It was weird for me last night, going to the opening of UCT’s production of Spring Awakening. I was in Chris Weare’s production in 1984! And although I couldn’t even remember my character’s name, I have such clear memories of the little green and pink and white checked dress I wore, and the white bobby socks and little black shoes. Freaky. Seeing the programme up on the pin board was scary too. There were people in that cast that I don’t remember at all, but pictures of Patrick Lilley, Claire Berlein, Ingrid Emslie and Michelle Constant took me straight back 26 years ago, to that time.

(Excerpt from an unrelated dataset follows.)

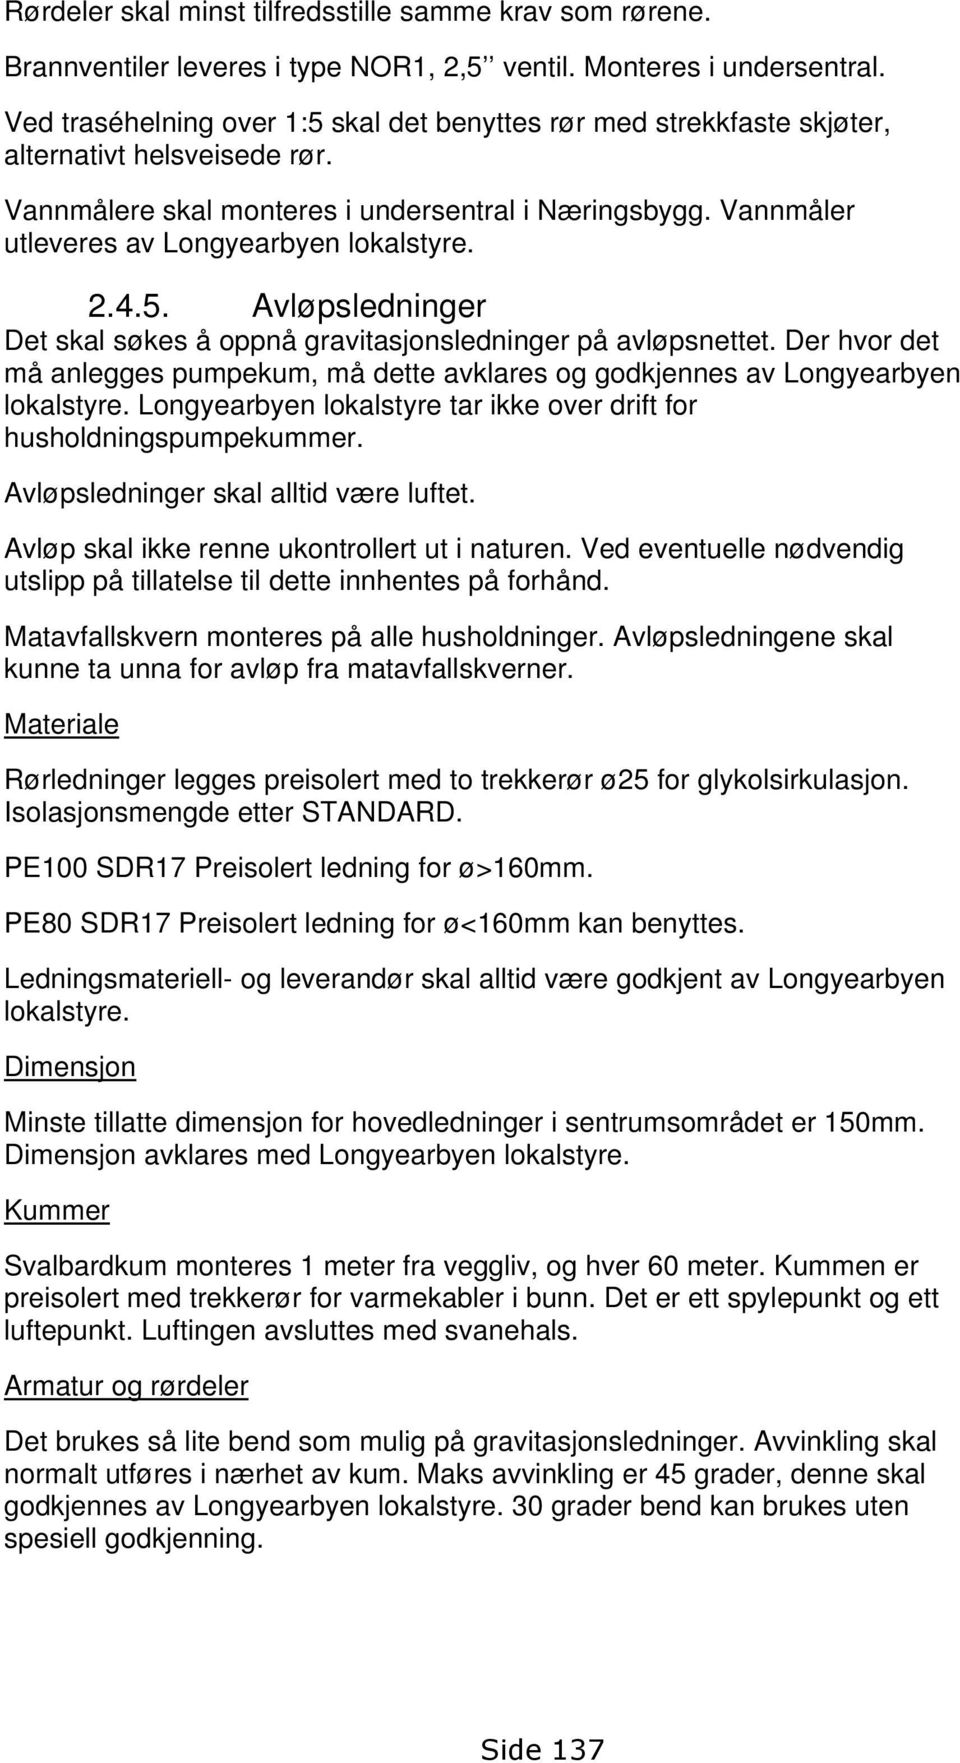 Vannmåler utleveres av Longyearbyen lokalstyre. 2.4.5. Avløpsledninger Det skal søkes å oppnå gravitasjonsledninger på avløpsnettet.

Watching the play from this perspective made me understand how difficult a production it is to mount. Spring Awakening, written by Frank Wedekind, is set in Germany at the end of the 19th century, predating what would happen there by fifty or so years, but creating the platform for it in terms of repression, shame, education, parental control and unrealistic expectation. These are huge issues. Because of the sexual and, for the time, explicit nature of the content and scenes, the play was often banned. These days we are all too used to seeing young men masturbating on stage, boy on boy kissing, and nudity and sex have become terribly explicit. So, the real issue of the play, the bursting of puberty and the shame it brings in a repressive society, are a fantasy idea for most of this young cast. Especially in a country with unbelievably high teenage pregnancy and horrific and brutal child abuse stats, child prostitutes, peer sexual violence among children, the sexual innocence of Spring Awakening is very dated and diluted.
One of the other difficulties with this play is, however tempting it is as a drama school production because there are lots of parts for young actors, it is unbelievably difficult for young, inexperienced actors to sustain! I remember Chris Weare’s frustration our time around! The parts are either children, always hideous and difficult to play, parents, who for young actors are not the best fun, or teachers, who at least can be sent up in this play, but are not well developed people and have to remain within their names of Professors Breakneck, Tongue Twister, Total Loss and Strychnine.
Then there is the script itself, which is scenic and cinematic, jumping from one scene to the next, and from location to location. Unfortunately, over the years, we are less able as an audience to manage such long scenes, and for the most part they are very long.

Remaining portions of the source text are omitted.